I then color-coded the dataset using the most recent price-rent ratio provided by Zillow to arrive at the map that you see below.
And here is a legend that describes the color coding:
Interpreting the Map
The zipcodes with a darker blue color have higher-price to rent ratios, and the lighter blue-gray colors have lower price to rent ratios. Unfortunately, Zillow doesn't typically have complete datasets, so the zipcodes that don't have price-rent ratio are those listed as <out of range> and are dark gray on the map. It is common to see income data in most areas so these datasets are by no means perfect, but they do provide a good way of seeing patterns in the data.
In general we can say that the zipcodes that are light gray or blue should be the best candidates for residential real estate, at least from a price-rent ratio. The lowest two categories are less than 10.54 and 10.54 to 12.86. The higher price-rent ratios probably won't make as much sense from a cash flow perspective.
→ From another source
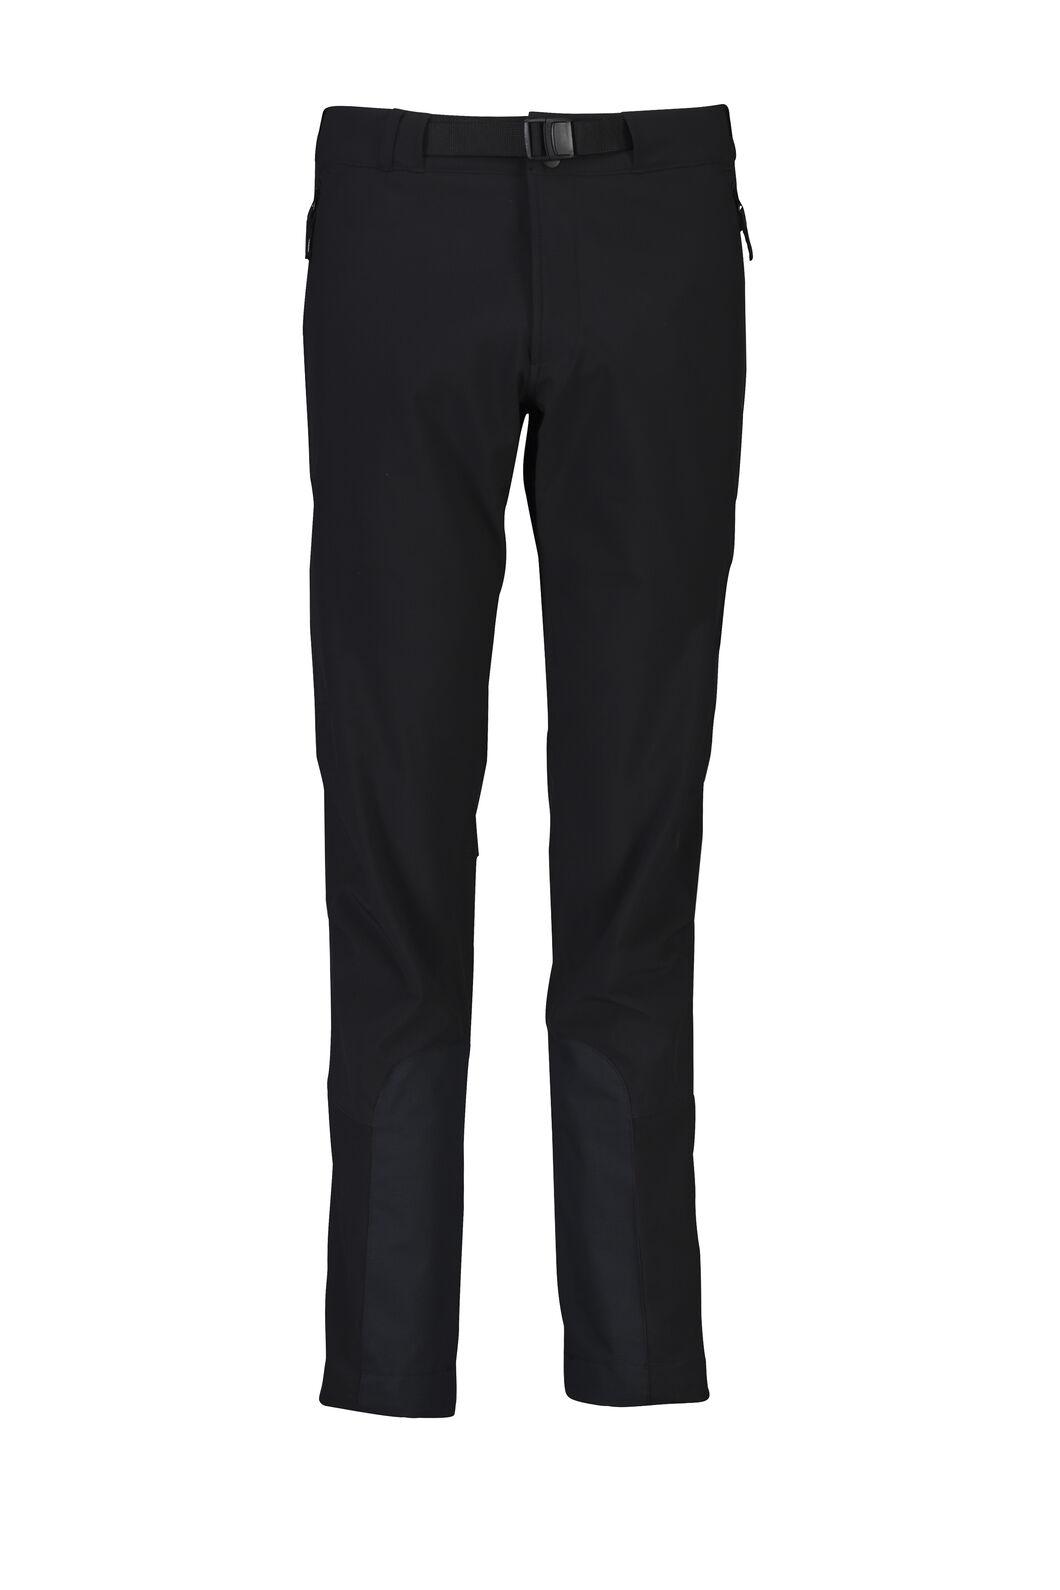 Macpac Fitzroy Alpine Series Softshell Pants - Women's, Black, hi-res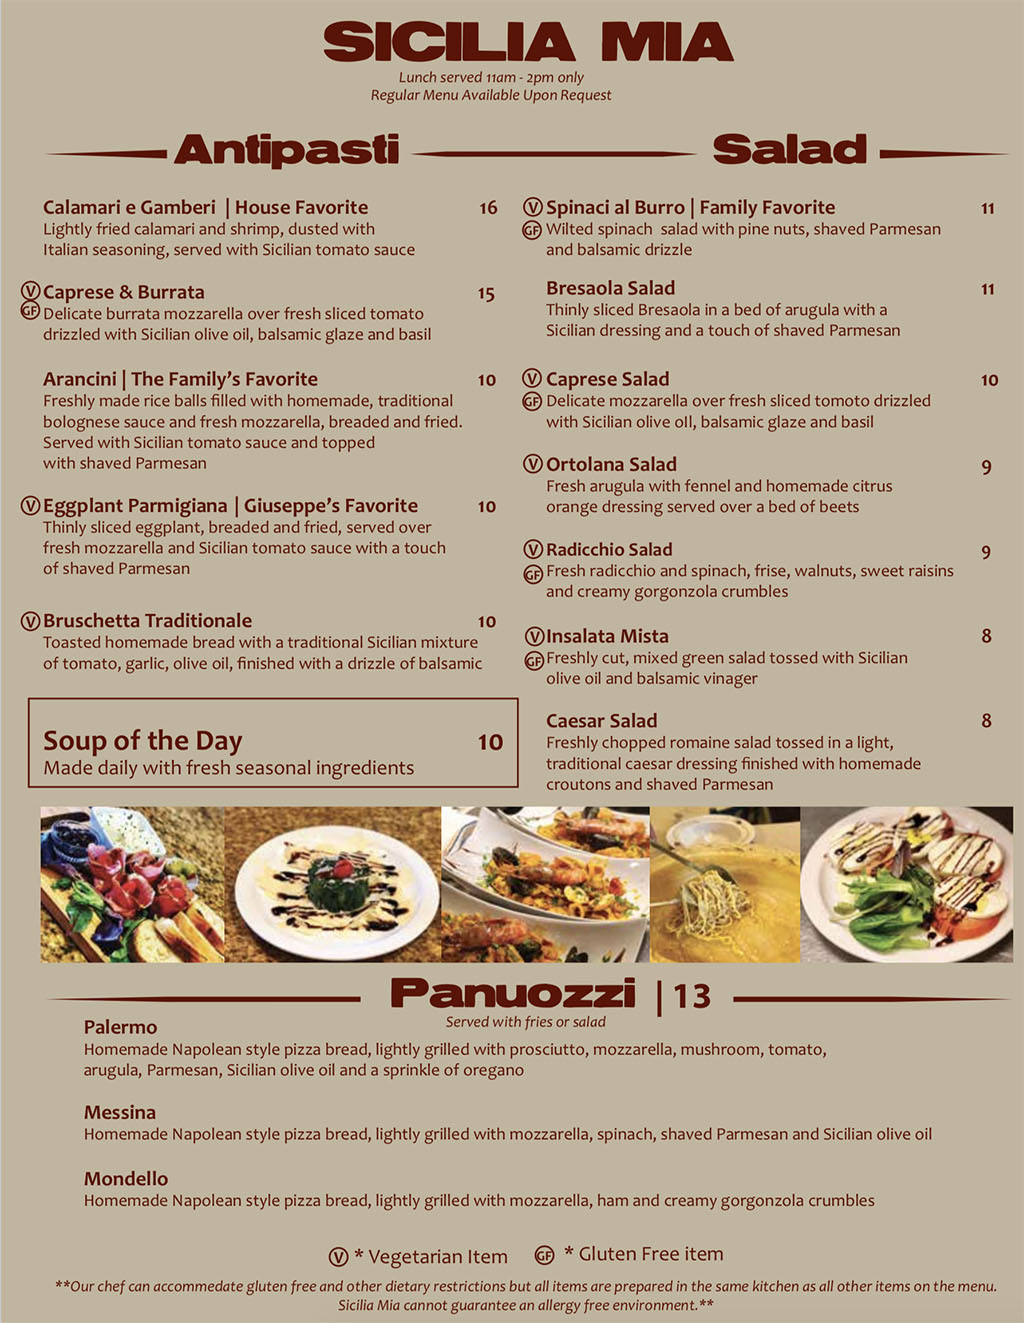 Sicilia Mia lunch menu - appetizers, salad, soup, panuozzi

This is an excellent way to narrow down your search for an investment property. Rather than just guessing or directing your marketing efforts to the entire metropolitan area, you can now focus on areas that make the most sense. This saves you both time and money!
Zillow Neighborhood Data
I repeated this process using the Zillow neighborhood data to drill down to an even smaller level of geography. Using this level of geography I might further narrow my focus to neighborhoods like Franklin Park, McKinney, Brentwood, and others with a lower price-rent ratio relative to the metropolitan area.
Price-rent ratio mapping using Zillow and U.S. Census data can help you identify areas that have the potential to provide good cash flowing properties. By identifying smaller levels of geography you can also focus your marketing efforts, which saves both time and money.